Over the next two days, parapolice groups deployed across the country to carry out several other coordinated attacks and targeted kidnappings. At least eight others — including a 10-year-old girl — were killed in these attacks while several others remain disappeared, according to La Prensa.

The latest bloodshed comes after at least 20 individuals were killed July 8 by parapolice groups in western Carazo department. Since April 18, the Nicaraguan Association for Human Rights (Asociación Nicaragüense Pro Derechos Humanos – ANDPH) has recorded at least 351 deaths, more than 2,000 injuries, nearly 330 kidnappings, hundreds of disappearances and the possible presence of clandestine graves.

InSight Crime Analysis

The Nicaraguan government has issued blanket denials about its responsibility, pointing the finger instead at “terrorists” who it says are targeting police.

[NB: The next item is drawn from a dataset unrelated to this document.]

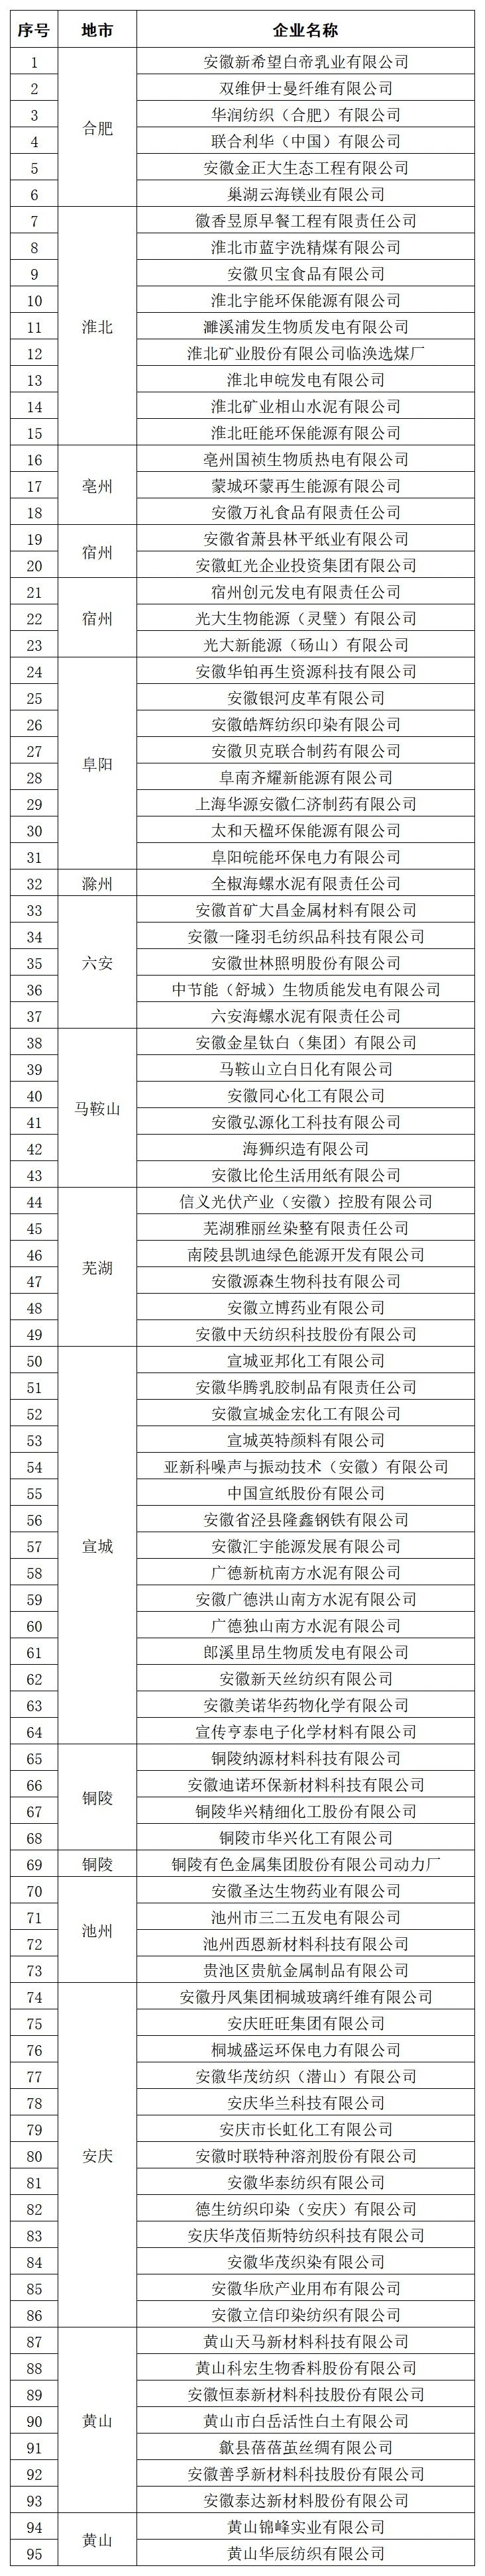 关于第七批安徽省级节水型企业名单公示
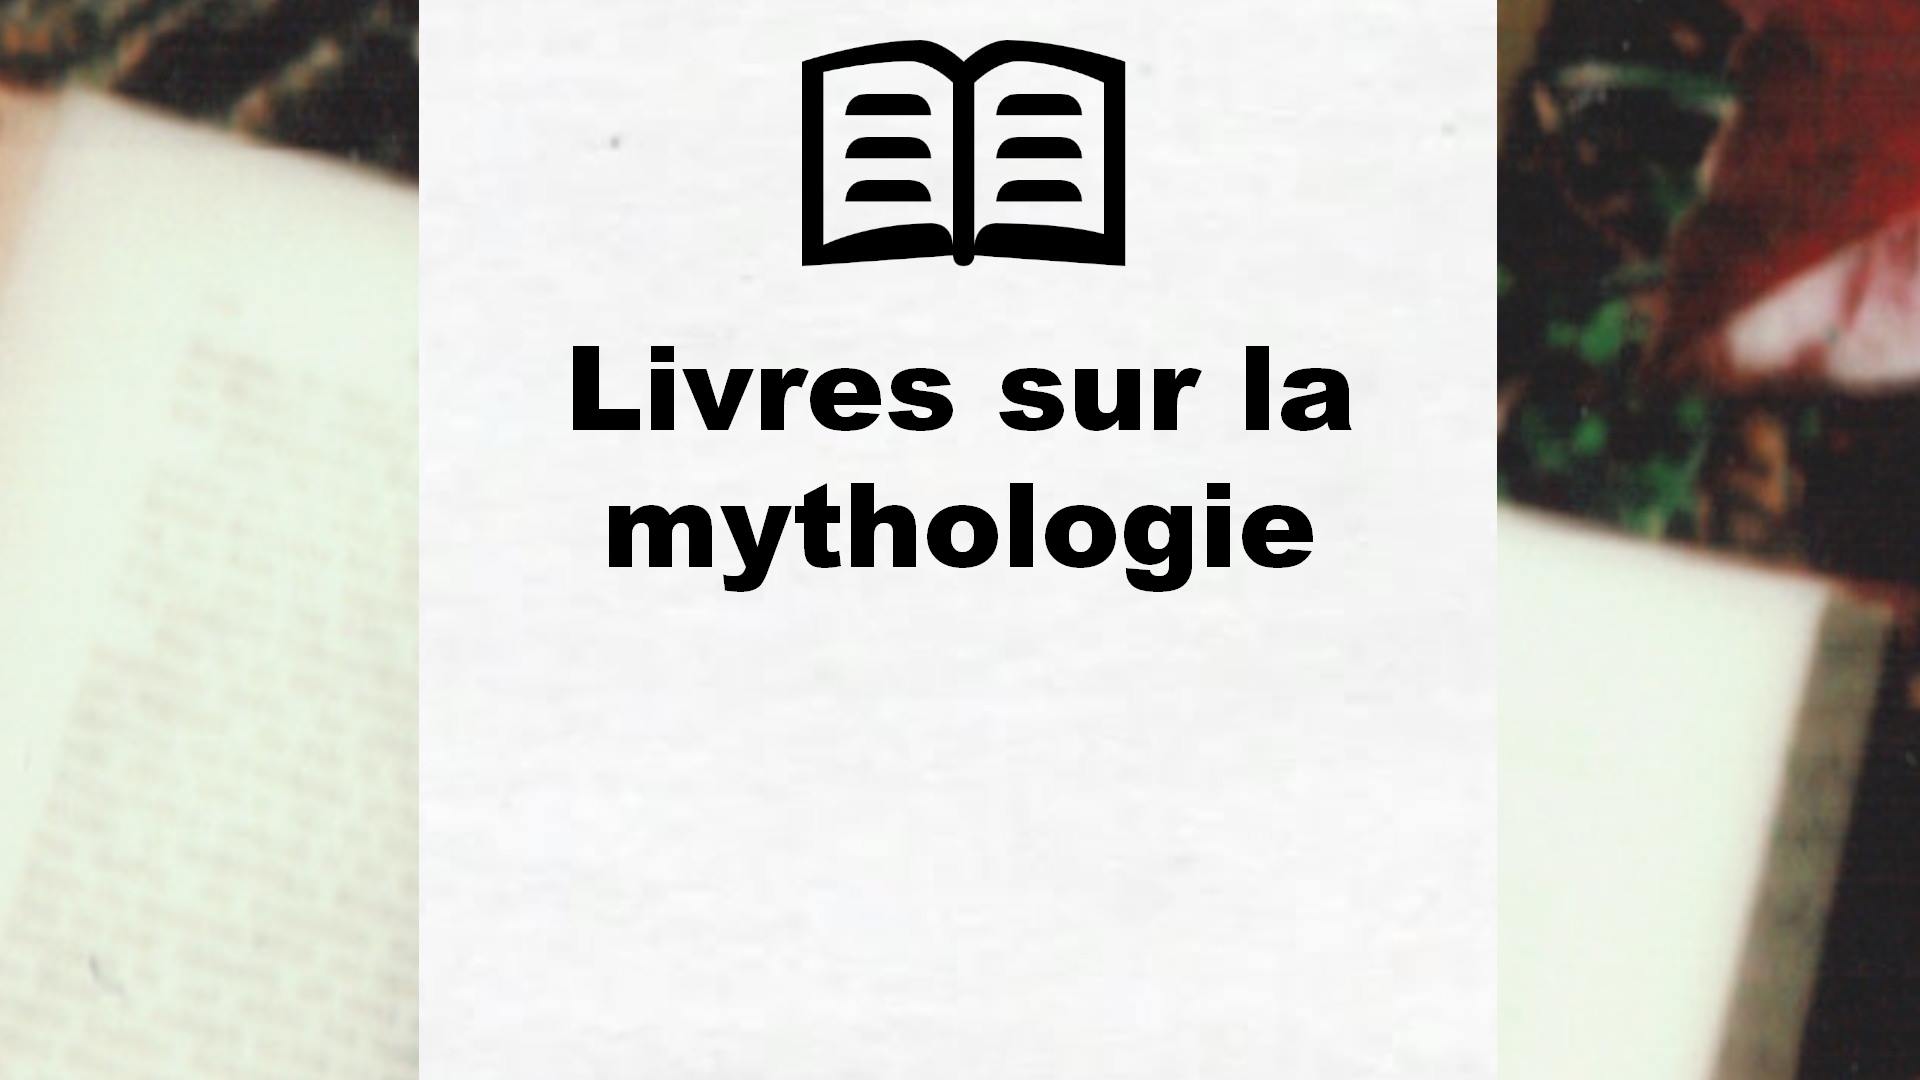 Livres sur la mythologie

“This is a country that knows how to overcome great tragedies,” Ortega’s wife and Vice President Rosario Murillo said in a statement issued by the government. “We have grown in patience, prudence, wisdom and faith. We know that God is just and that evil cannot prevail over what is good. This is why the actions of a small group of terrorists will not prevail over the will of the vast majority of the people.”

But the government is standing alone. Indeed, if there were doubts surrounding who is responsible for the hundreds of killings in Nicaragua in recent months, they have been completely washed away.

In recent days, Human Rights Watch issued a statement condemning the government for its role in the killings and naming the top officials in the police who it says is responsible.

Following a visit to Nicaragua in May, the Inter-American Commission on Human Rights (IACHR) also wrote a report strongly criticizing the Nicaraguan government for “the excessive and arbitrary use of police force, [and] the use of parapolice forces or shock groups with the acquiescence and tolerance of State authorities.”

As InSight Crime previously reported, parapolice groups working in conjunction with the national police were thought to be the primary forces implicated in the killings.

International observers have for months now denounced the use of parapolice groups and demanded that Ortega dismantle them in order to put an end to the repression. As the violence continues to escalate, there is a growing risk that these groups may soon become criminal organizations engaged in other illicit activities.